A influência midiática no caso "Boate Kiss"

Autores

  • Lucas Martins Miranda Faculdade Evangélica de Goianésia
  • Quétsia Guedes
  • Luana de Miranda Santos

Palavras-chave:

caso Boate Kiss, mídia, dolo eventual

Resumo

Em 27 de janeiro de 2013, na cidade de Santa Maria (RS), a Boate Kiss organizou uma festa universitária chamada "Agromerados". A Banda Gurizada Fandangueira se apresentava no palco quando um dos integrantes disparou um artefato pirotécnico que atingiu parte do forro do prédio, incendiando-o. As chamas se espalharam rapidamente, matando 242 pessoas e ferindo outras 636. 

No processo criminal foram responsabilizados os empresários e sócios da Boate Kiss Elissandro Callegaro Spohr e Mauro Londero Hoffmann, o vocalista da Banda Gurizada Fandangueira Marcelo de Jesus dos Santos e o produtor musical Luciano Bonilha Leão. No interrogatório,  Elissandro Spohr garantiu que agiu de acordo com a legalidade e negou que tivesse autorizado o uso de artefatos pirotécnicos pela banda. O sócio Mauro Hoffmann se defendeu dizendo que não acompanhava as decisões tomadas por Elissandro, já que era apenas investidor. O vocalista Marcelo dos Santos, por sua vez, afirmou que era de conhecimento geral que a banda utilizava fogos de artifícios e, durante o show, com a mão para o alto, não foi possível apagar o fogo mesmo com uso do extintor. O produtor musical Luciano Leão, responsável por adquirir e acender o artefato pirotécnico, disse que não recebeu nenhuma orientação sobre o uso de fogos no interior da boate.

Outrossim, o Ministério Público, representado pelos promotores de justiça David Medina da Silva e Lúcia Helena Callegari, sustentou a tese do dolo eventual, no qual o indivíduo, mesmo tendo previsão do resultado, opta por praticar o ato. Ressaltou ainda que não caberia a culpa, de modo que a pena seria inferior – insuficiente para reparar o dano causado. Em contrapartida, os advogados da defesa, Jader Marques, Tatiana Borsa, Mário Cipriani, Bruno Seligman de Menezes, Jean de Menezes Severo, Gustavo da Costa Nagelstein e Antônio Prestes do Nascimento optaram por pedir a absolvição ou desclassificação do crime, argumentando que os acusados não agiram com desprezo à vida humana, afirmando que haveriam outros responsáveis pela tragédia que não apenas os quatro réus. O promotor Ricardo Lozza foi um dos apontados, já que teria negligenciado a condução do inquérito civil público destinado a apurar ocorrência de poluição sonora na Boate Kiss, o que implica justamente com possível omissão de parte do então prefeito da cidade Cezar Schirmer. A notitia criminis, contudo, foi arquivada.

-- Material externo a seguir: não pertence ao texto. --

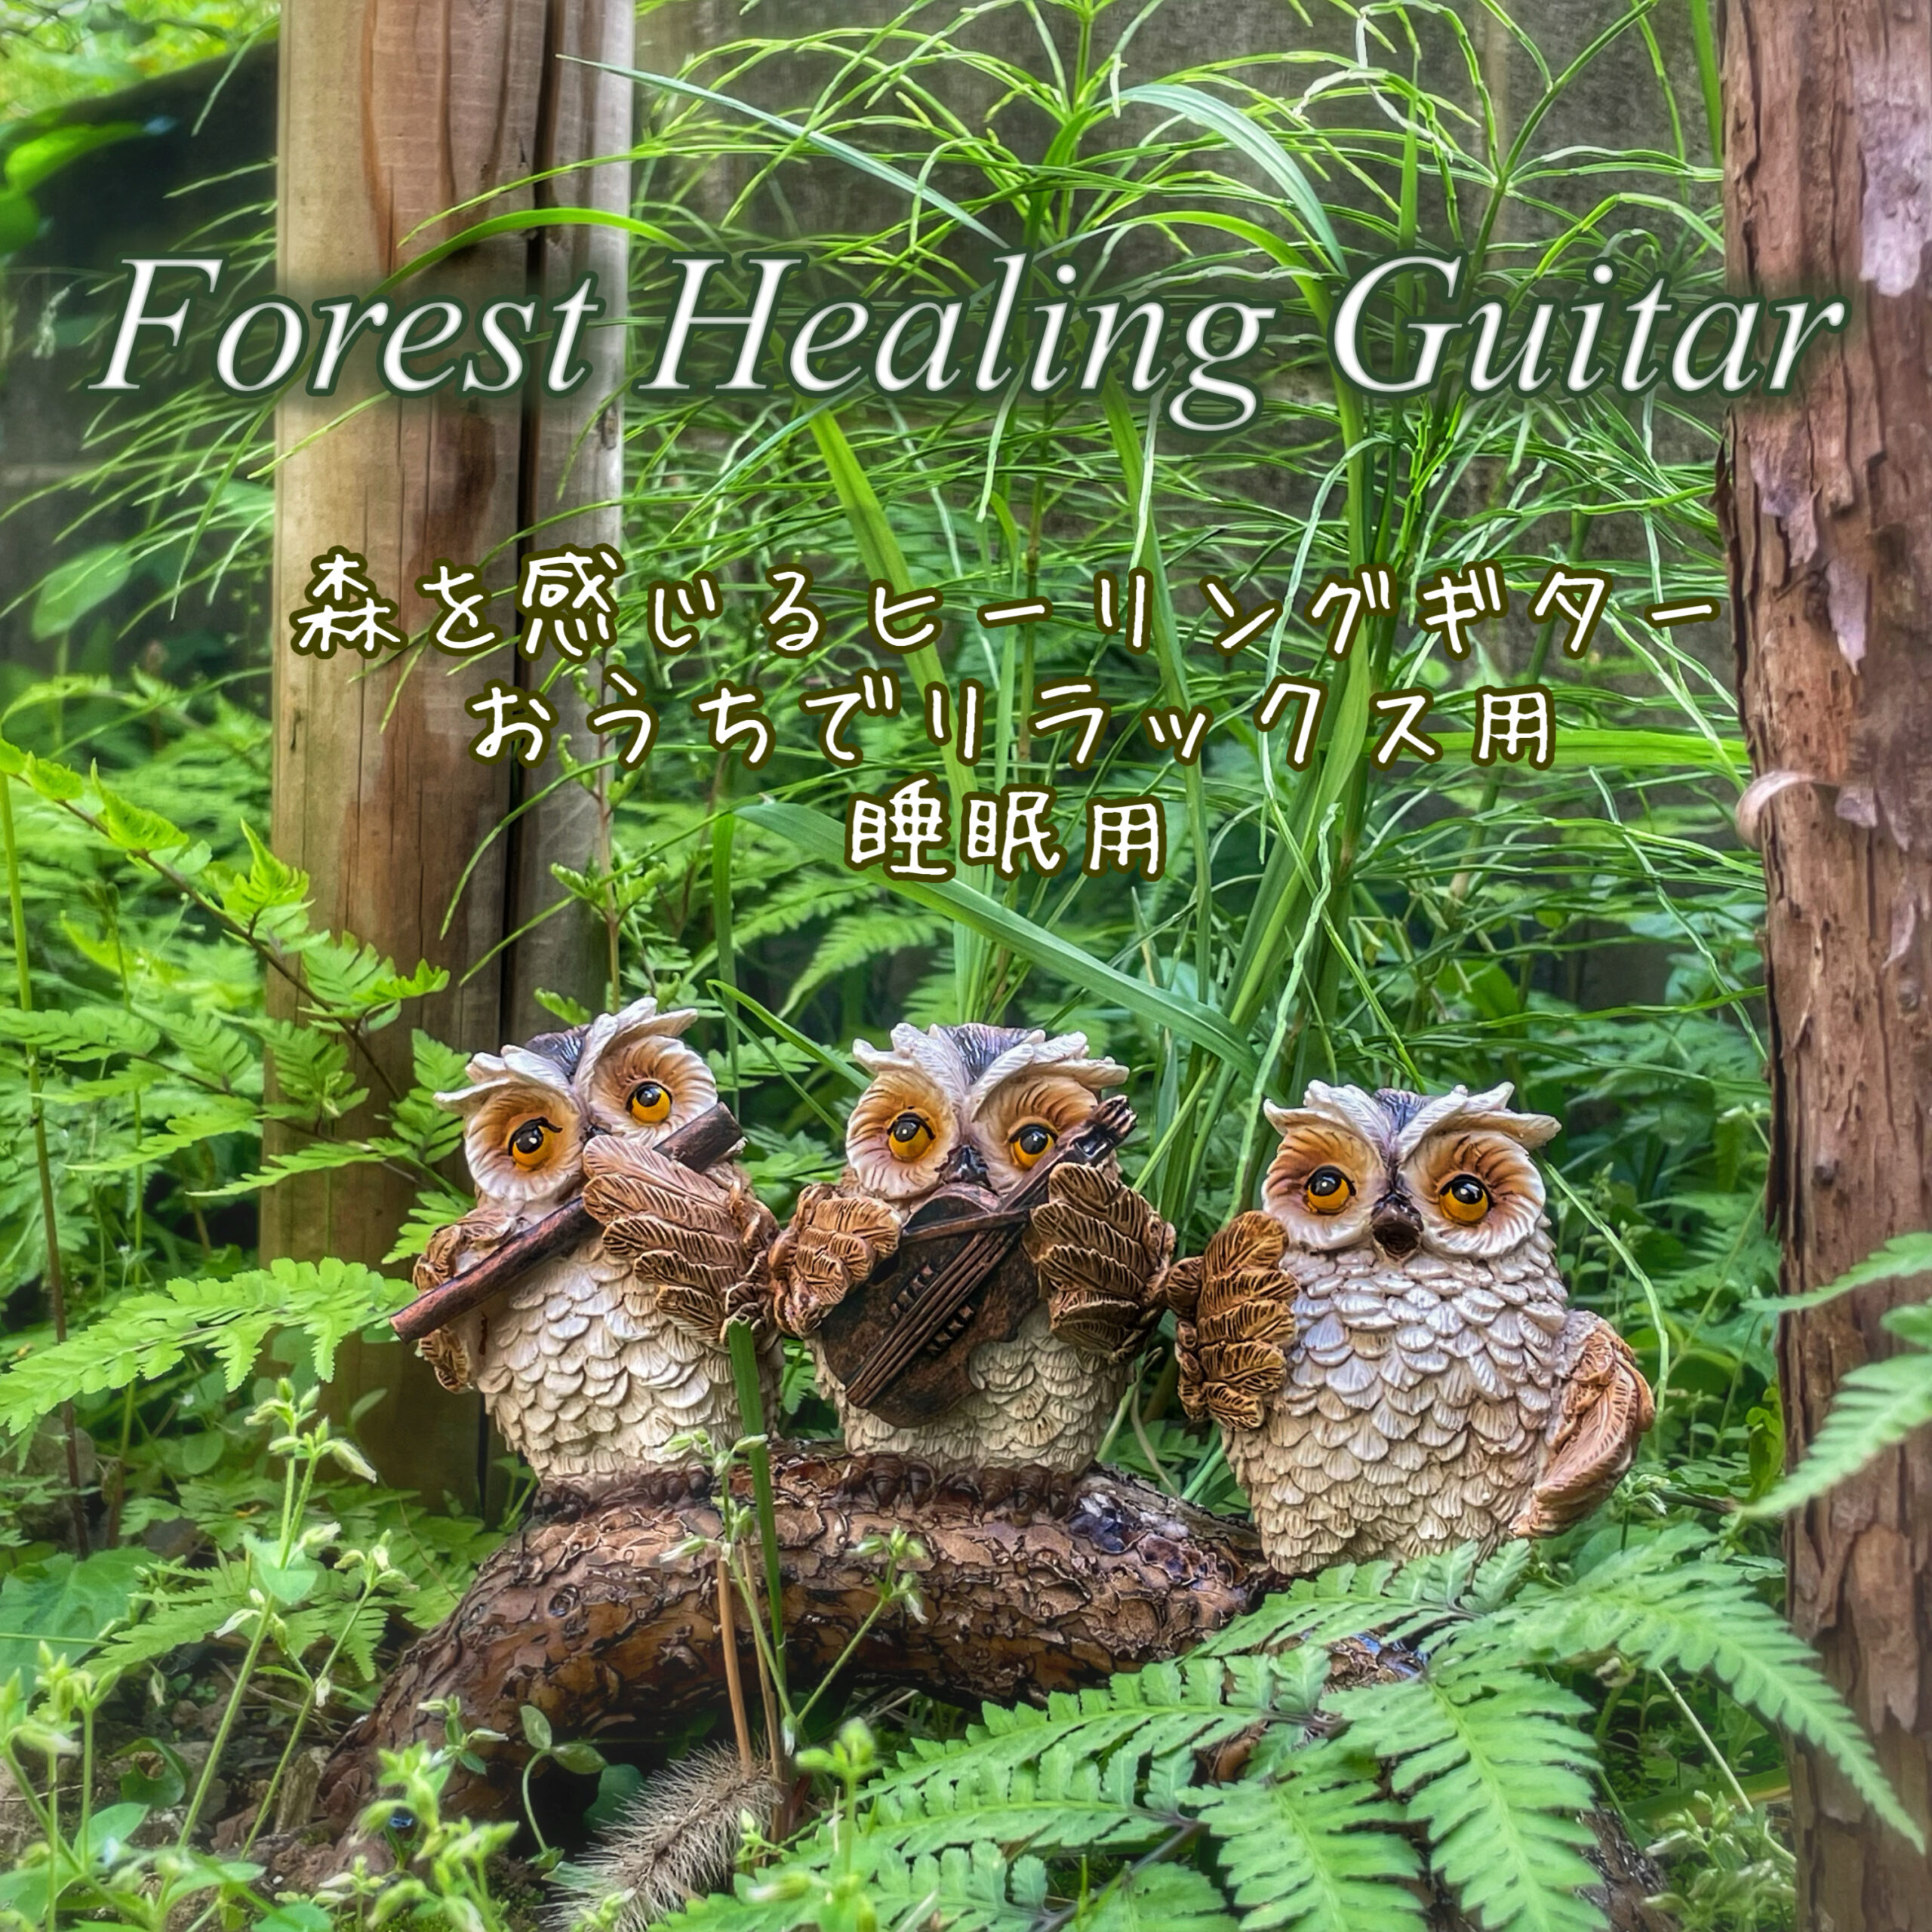 Forest Healing Guitar 森を感じる癒しのヒーリングギター おうちでリラックス用 睡眠用

Apesar de o processo ter sido iniciado em Santa Maria, a 1ª Câmara Criminal do Tribunal de Justiça do Rio Grande do Sul decidiu transferir o julgamento para o Tribunal do Júri de Porto Alegre, dada a comoção da cidade, garantindo a composição do Conselho de Sentença estabelecido no art. 449 do Código de Processo Penal. Assim, com base nas argumentações da acusação e da defesa, o juiz Orlando Faccini Neto anunciou a decisão do Tribunal do Júri, que decidiu pela condenação dos quatro réus por homicídio e tentativa de homicídio por dolo eventual, com penas entre 18 e 22 anos de prisão.

O advogado, professor e jornalista Azor Lopes da Silva Júnior ressalta que a conduta dolosa é caracterizada pelo autor que quer obter o resultado ou assume o risco de causá-lo. Por outro lado, quando há imperícia, negligência ou imprudência a conduta deve ser classificada como culposa e, em casos de grande repercussão midiática, juízes e promotores têm adotado dolo direto, seja eventual ou alternativo, em detrimento da culpa consciente, uma vez que a primeira modalidade é mais gravosa que a última, gerando um sentimento de justiça perante a sociedade.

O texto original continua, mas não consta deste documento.